Considering the price of hotel rooms in NYC, this is a good deal for two or three nights. Personally I'd take the three-night package since I've been wanting to go to NYC and don't have enough hotel points. I bought a similar package at another HGVC property, but I don't recall the word "from" with the price. I would call and ask about that, as well as what the entertainment voucher is good for. 

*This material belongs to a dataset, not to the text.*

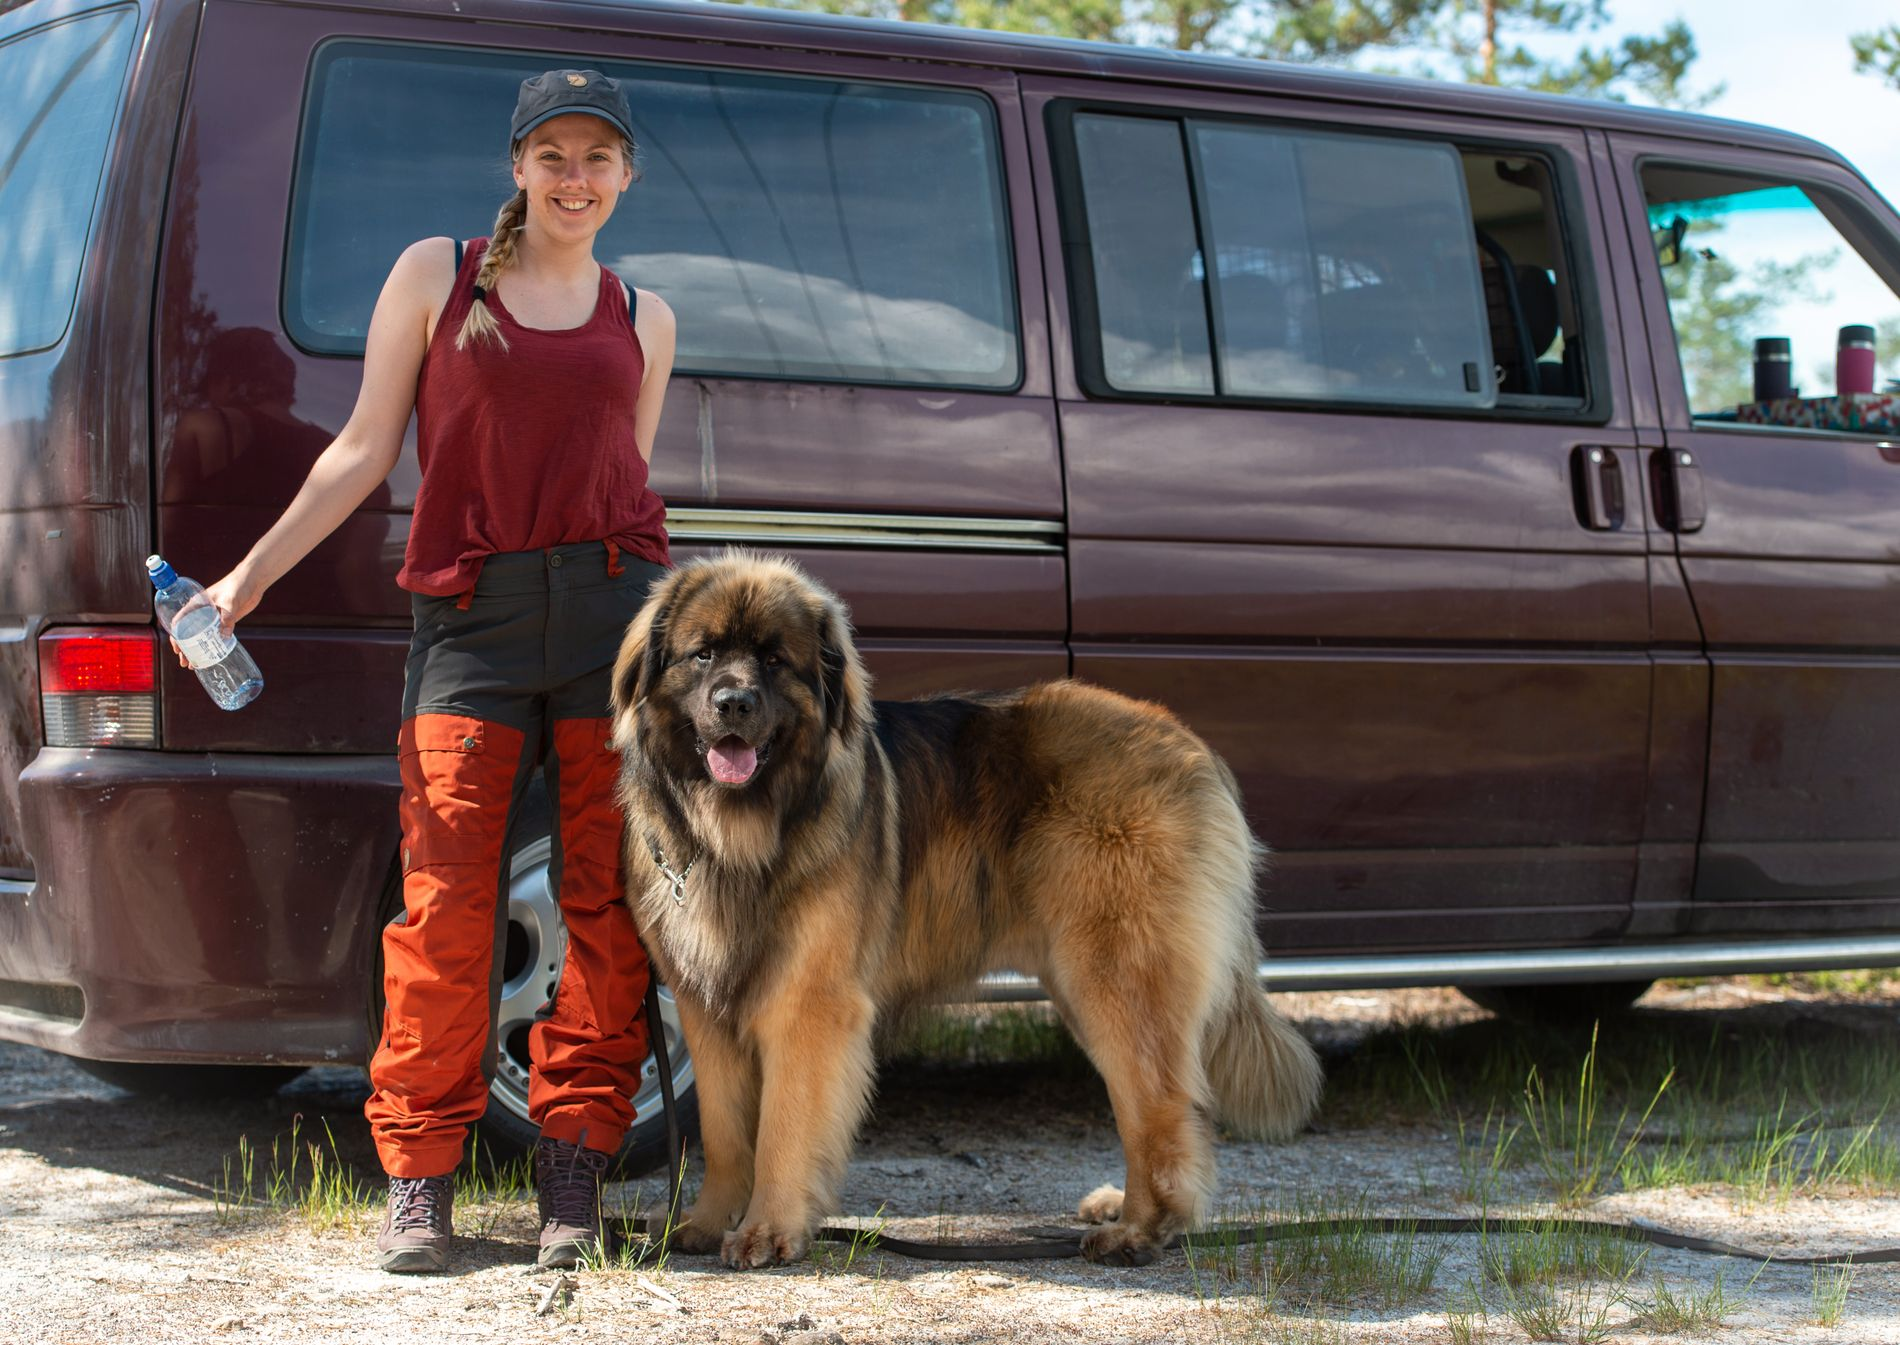 TURGLAD: Maren Ueland (28) sammen med hunden Alf Herman.

The presentations usually last about an hour. In spite of other threads here, I've found them--and owners' updates--to be low key.


----------



## KathyA (Nov 29, 2007)

*I own at the Hilton Club New York*

It's a great deal for the weekend.  I love the Hilton Club New York and go several times a year.


----------



## brother coony (Nov 29, 2007)

I did A tour 3yrs ago and the from was there. as week nites are the lower price than weekend nites, I paid $250 per nite as I requested New Years eve and got it , I ask the rep. how come the invite stated from $99 and they were charging me $250, He told me that the studio unit I was getting normaly goes for $750 per nite on new years eve,

I agree the 3 nites are a good deal as it normaly comes with breakfast, and afthernoon cocktail  and parking if driving to NYC:whoopie:


----------



## derb (Nov 30, 2007)

A good deal if your looking to go to NYC.  
Don't hesitate to ask for extras to seal the deal.


----------



## ricoba (Nov 30, 2007)

I think the Hilton TS Promo deals are as good or better than other deals I have been offered by other TS companies.  

Enjoy the getaway!


----------



## channimal (Dec 1, 2007)

ricoba said:


> I think the Hilton TS Promo deals are as good or better than other deals I have been offered by other TS companies.
> 
> Enjoy the getaway!



Absolutely agree.  My wife and I bought at the Hilton Club-NY after a weekend invite.  Based on a really good experience, low pressure.  No regrets with that purchase.


----------



## falmouth3 (Dec 2, 2007)

Thanks to everyone for their input.  I'll probably call in the next couple of weeks and take advantage of the offer.

Thanks again,
Sue


----------



## falmouth3 (Jul 14, 2008)

*Manhattan Hilron Deal / TS presentation*

We got a phone call from Hilton today and part of my husband's conversation with them was recorded on our machine, but he didn't get their contact info. Does anyone know what the deal is and how to contact them?  I got an offer last year but wasn't able to follow through.  I'd like to this year, though.

Sue


----------



## yumdrey (Jul 14, 2008)

Sue, these promotions are in their (HGVC) website. You can reserve it through online.


----------



## falmouth3 (Jul 14, 2008)

Yes, you are absolutely correct.  Thanks!

Sue


----------